MATERIAL FOR THE TASK »
---------------

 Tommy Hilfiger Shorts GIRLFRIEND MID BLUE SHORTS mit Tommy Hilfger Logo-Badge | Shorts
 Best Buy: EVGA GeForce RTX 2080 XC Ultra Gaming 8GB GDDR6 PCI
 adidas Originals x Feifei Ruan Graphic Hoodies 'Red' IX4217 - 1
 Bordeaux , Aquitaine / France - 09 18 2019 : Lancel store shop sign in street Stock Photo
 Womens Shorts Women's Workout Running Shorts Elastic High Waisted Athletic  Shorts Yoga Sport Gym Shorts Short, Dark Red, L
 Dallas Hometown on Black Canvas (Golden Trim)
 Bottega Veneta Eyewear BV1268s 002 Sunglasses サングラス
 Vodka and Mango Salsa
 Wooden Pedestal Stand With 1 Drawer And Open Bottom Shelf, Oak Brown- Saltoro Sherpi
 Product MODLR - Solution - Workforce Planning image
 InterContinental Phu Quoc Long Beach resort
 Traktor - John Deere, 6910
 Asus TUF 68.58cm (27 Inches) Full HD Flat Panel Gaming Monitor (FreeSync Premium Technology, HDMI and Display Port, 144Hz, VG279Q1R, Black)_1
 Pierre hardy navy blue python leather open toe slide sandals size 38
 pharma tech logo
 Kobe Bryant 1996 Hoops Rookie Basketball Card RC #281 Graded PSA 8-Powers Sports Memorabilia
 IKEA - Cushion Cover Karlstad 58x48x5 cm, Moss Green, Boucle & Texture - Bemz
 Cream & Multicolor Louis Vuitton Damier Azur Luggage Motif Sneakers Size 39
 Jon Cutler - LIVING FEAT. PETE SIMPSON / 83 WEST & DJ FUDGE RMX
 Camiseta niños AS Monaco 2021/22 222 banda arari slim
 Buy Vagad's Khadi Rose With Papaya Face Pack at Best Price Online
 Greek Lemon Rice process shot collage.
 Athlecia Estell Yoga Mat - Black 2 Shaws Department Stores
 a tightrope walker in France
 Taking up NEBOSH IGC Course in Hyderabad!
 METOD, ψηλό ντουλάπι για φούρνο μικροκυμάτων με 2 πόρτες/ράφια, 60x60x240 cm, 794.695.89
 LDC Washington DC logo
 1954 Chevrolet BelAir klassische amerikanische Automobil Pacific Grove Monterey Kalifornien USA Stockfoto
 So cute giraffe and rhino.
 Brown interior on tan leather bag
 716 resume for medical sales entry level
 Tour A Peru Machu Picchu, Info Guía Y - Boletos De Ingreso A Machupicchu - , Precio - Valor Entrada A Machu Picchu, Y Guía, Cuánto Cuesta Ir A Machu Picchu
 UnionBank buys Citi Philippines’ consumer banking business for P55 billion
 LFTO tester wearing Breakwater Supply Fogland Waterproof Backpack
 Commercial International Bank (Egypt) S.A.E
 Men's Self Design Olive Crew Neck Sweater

---------------

Gather from the entries above all lines that include the string "Shorts".

ANSWER TO THE EXERCISE »
 Tommy Hilfiger Shorts GIRLFRIEND MID BLUE SHORTS mit Tommy Hilfger Logo-Badge | Shorts
 Womens Shorts Women's Workout Running Shorts Elastic High Waisted Athletic  Shorts Yoga Sport Gym Shorts Short, Dark Red, L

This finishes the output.